Jeff: Let’s talk app UX design. It sounds simple, but I know it’s not. What goes into app UX design, especially when it comes to redesigning a product?
Torkel: Design is one of those things where, if it’s done well, it seems like it’s very easy. The reality is redesigning a product like this is more like solving a puzzle that has more pieces than space. Which of course is why it’s so fun and challenging! At Cisco solving the puzzle gets easier with more data.
We gather as much input as we can from multiple sources early in the process so we have a pretty broad and deep understanding of the problem. In the case of the Cisco Spark redesign to Cisco Webex Teams, we’re using first-hand insights from administrators and end users at long-standing customers across four continents. In addition, we continually analyze usage metrics to support anecdotes with empirical evidence.
Why are we redesigning the Webex Teams app user experience?
Torkel: We wanted to tie Webex Teams even closer to the rest of the Webex suite. The Webex Teams app is a pivotal element of our portfolio because it connects previously separate workloads into a single workflow. To enhance this value proposition, the redesigned experience makes Webex Teams an even better companion app for the Webex Board and our other devices. And new team meetings are now a front-and-center part of the experience.
The previous app had become very feature-rich, but the data showed that users weren’t always leveraging the new tools. With the redesign, we’ve streamlined feature placement (yep, just like a puzzle) and provide more detailed in-product guides. Now we can be more confident that lower usage levels aren’t happening because users can’t easily locate a feature.
The Webex Teams interface recently changed the background and other graphical colors.

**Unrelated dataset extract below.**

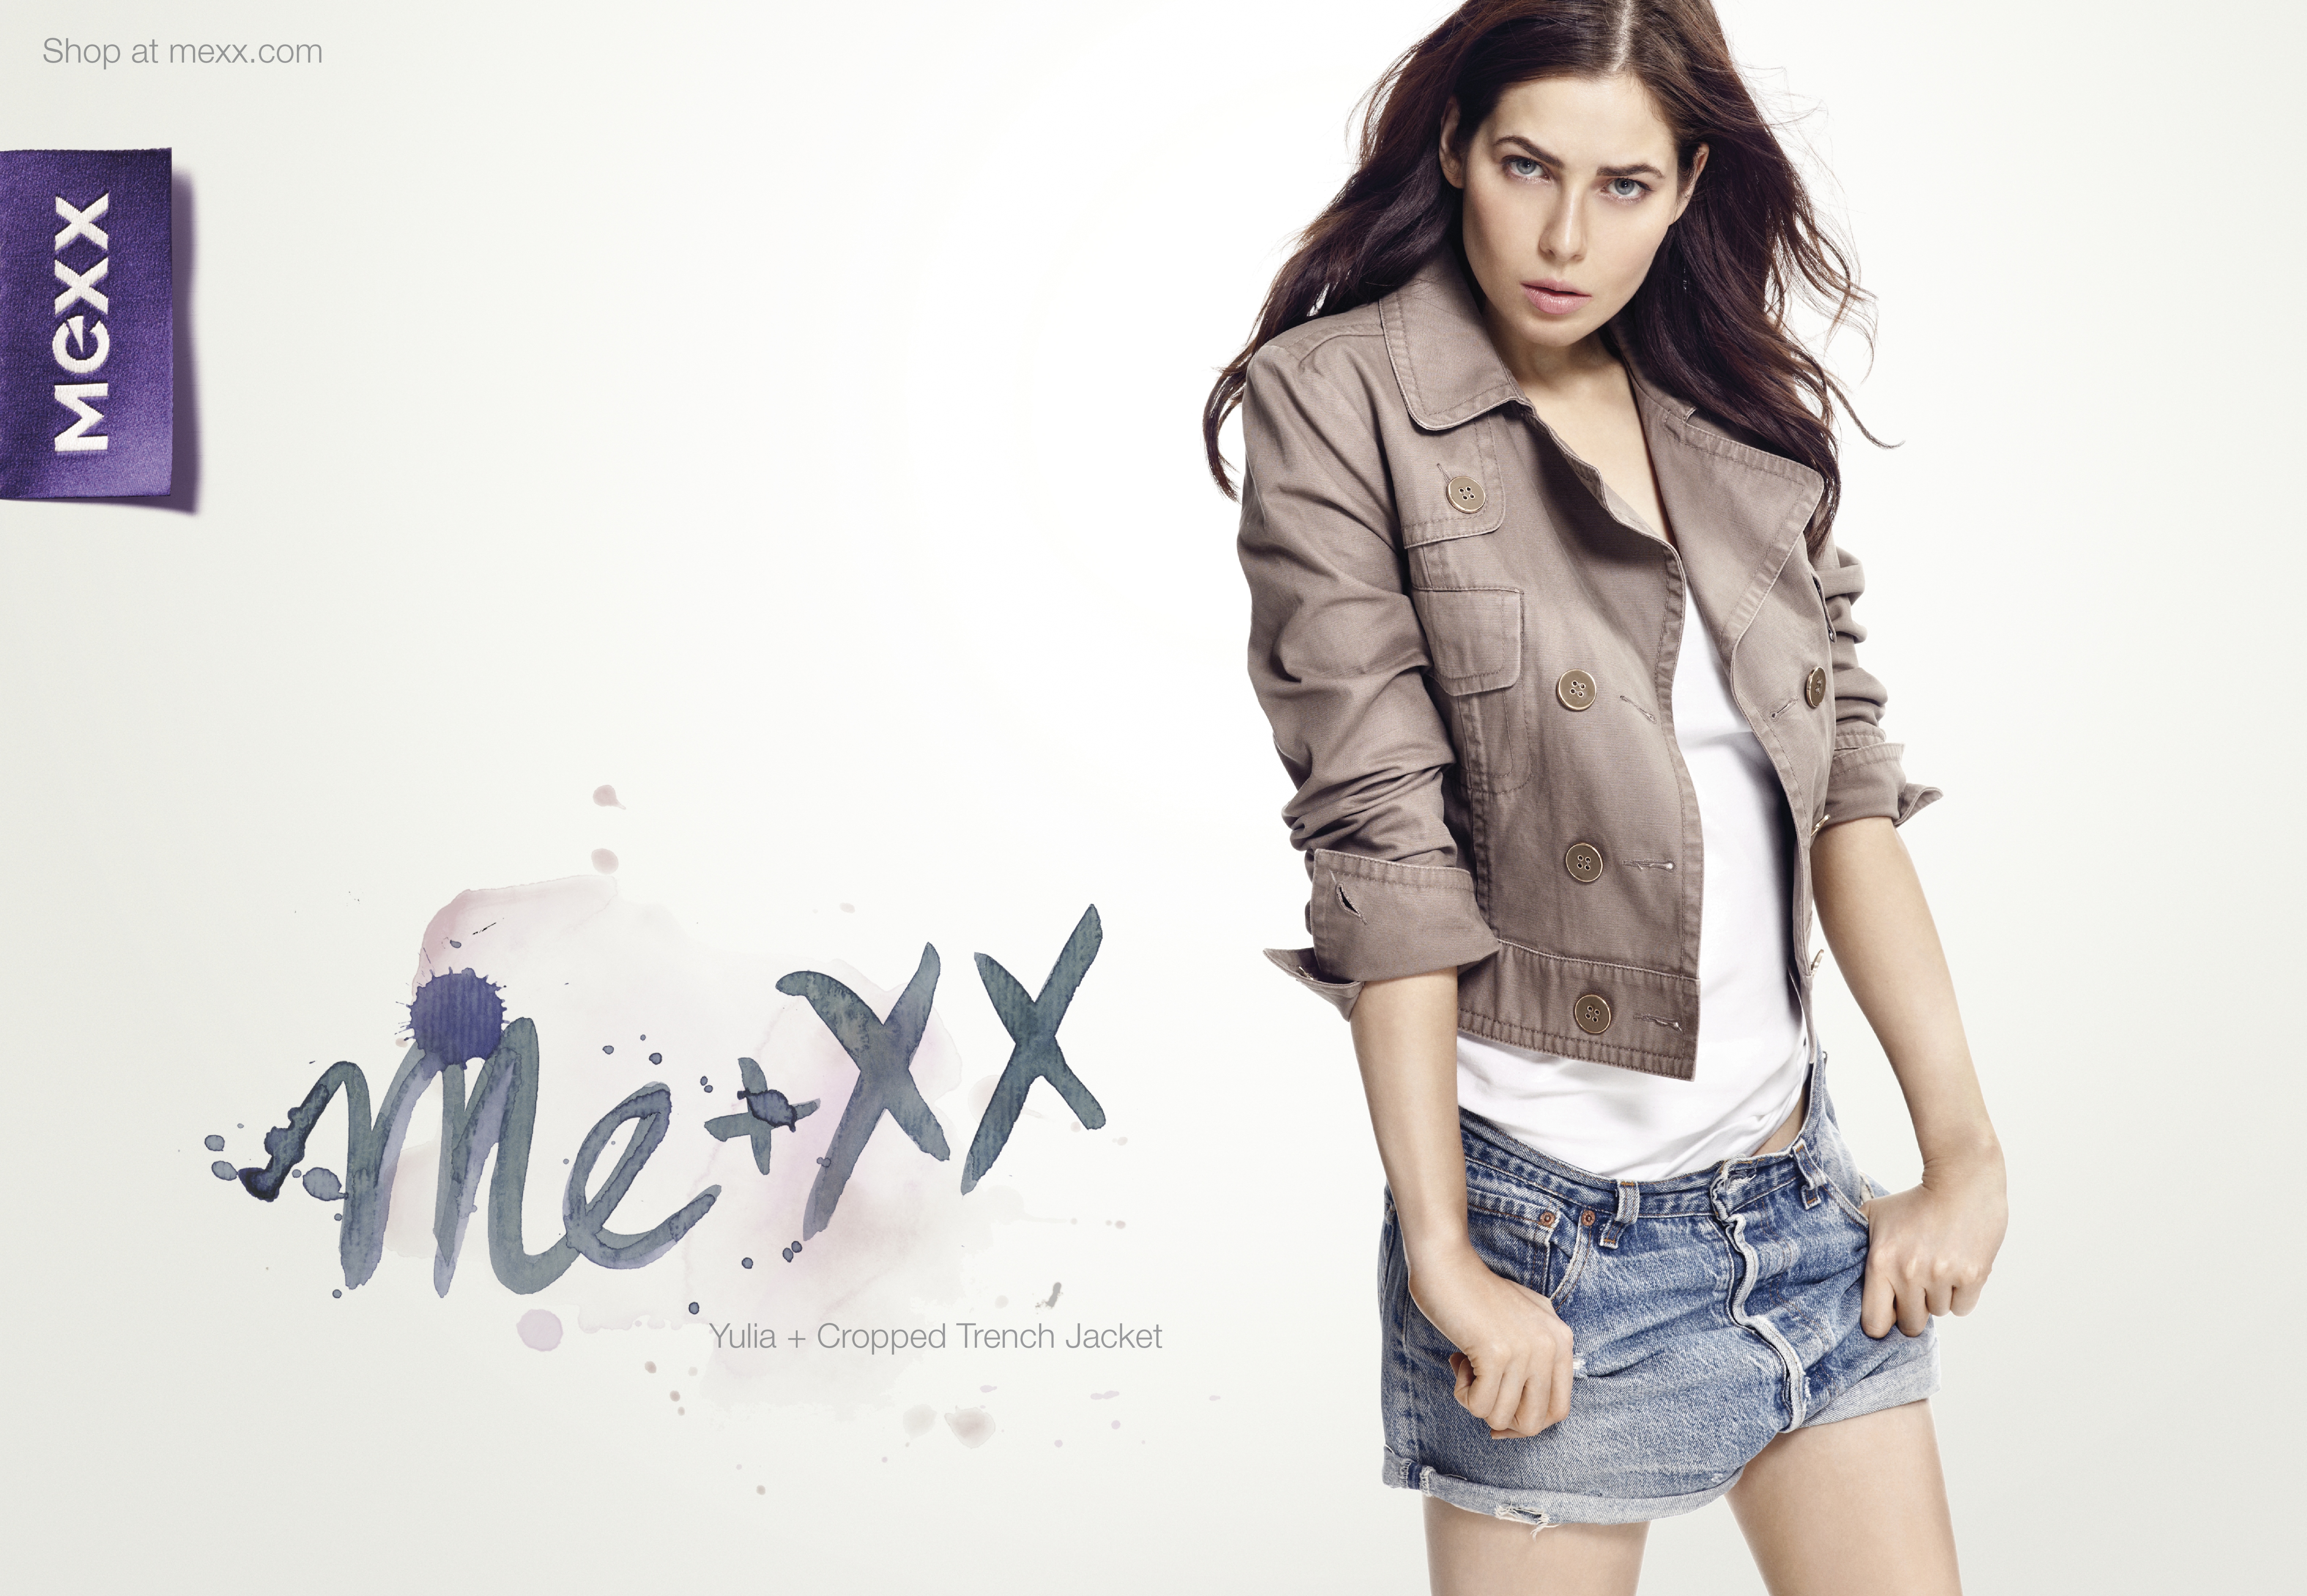 Mexx Me XX SS 2011 Campaign 2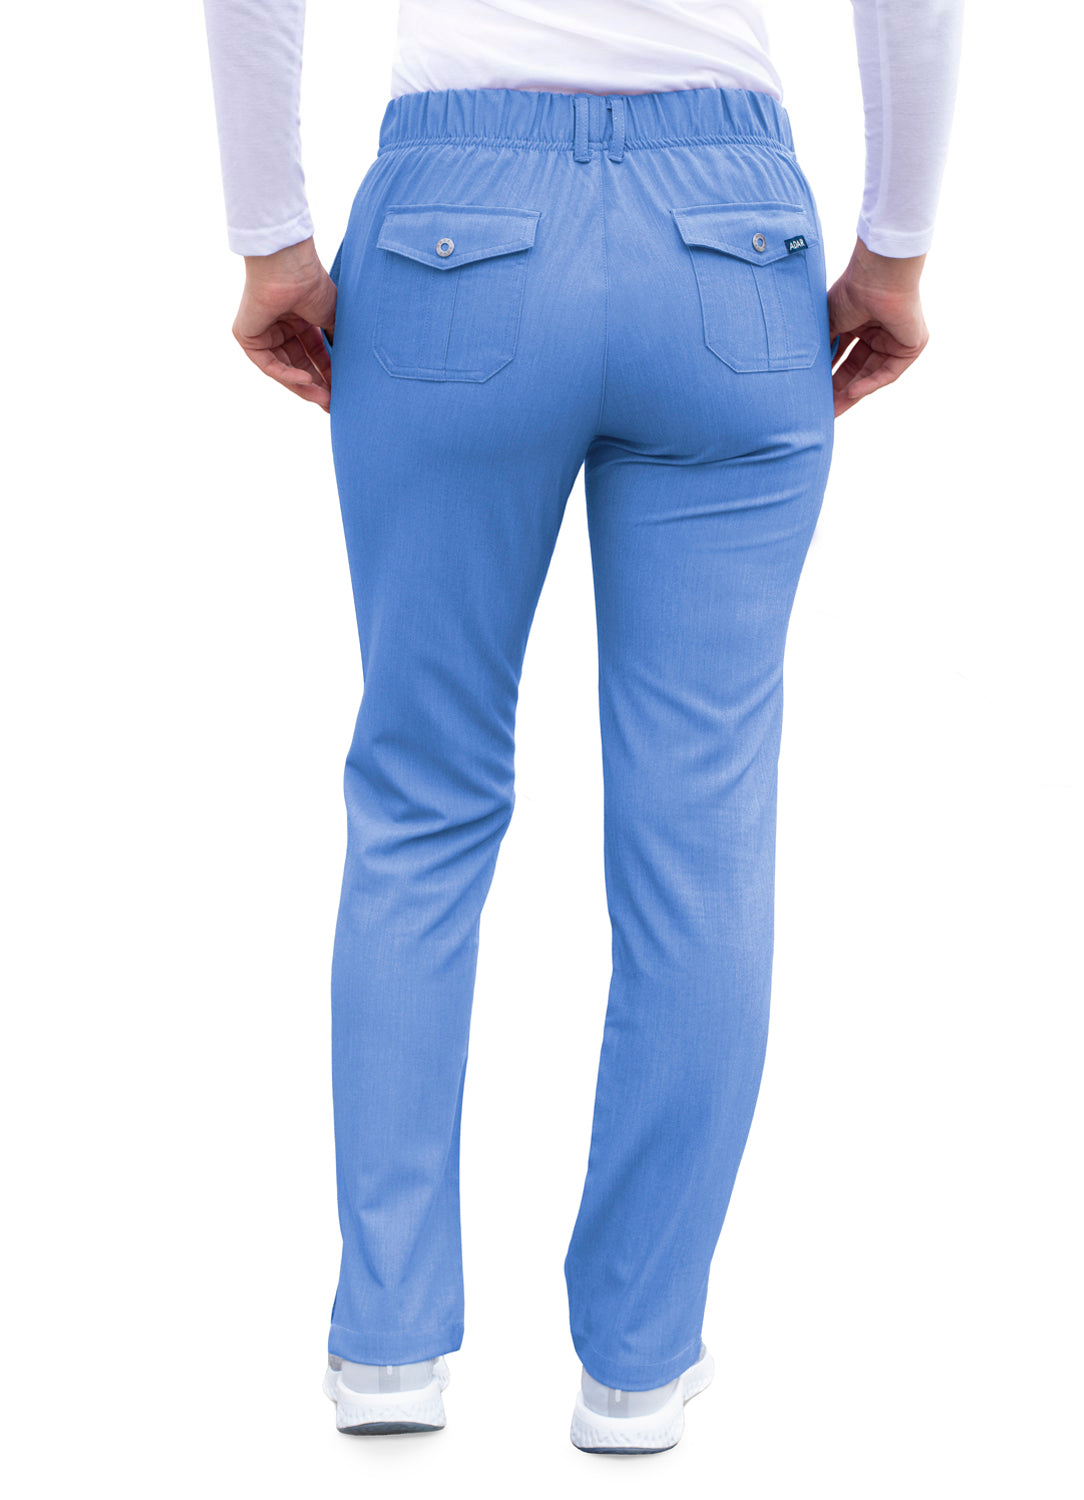 Women's Slim Fit 6 Pocket Pant Petite

Why the shift?
Ingrid: We had received a lot of feedback about the visual appearance of the app. We usually don’t see users being this actively engaged in the visual style of work tools. But with this case, the homogenous coloring and flatness of the interface were among the top user concerns. We also observed that new users struggled to grasp the structure of the app because it had little visual hierarchy or organization.
When we started testing the two-color split layout with a dark background on the left and a white activity area on the right, we saw that people were much quicker to orient themselves and accomplished their desired task.
Moving from People and Spaces lists to a single, combined list has been the “Yanny vs. Laurel” of Webex Teams. What drove this decision? Are there other similar decisions you can describe?
Ingrid: Yanny and Laurel, I love that parallel! It’s very true. There are crossroads in the world of UX where features can create polarizing results. Sometimes the right answer in a situation like this can be a user setting or preference, but that’s not something we can do for every case of dissonant feedback. The best case is to create the best default experience, and then add user controls where it provides the most value.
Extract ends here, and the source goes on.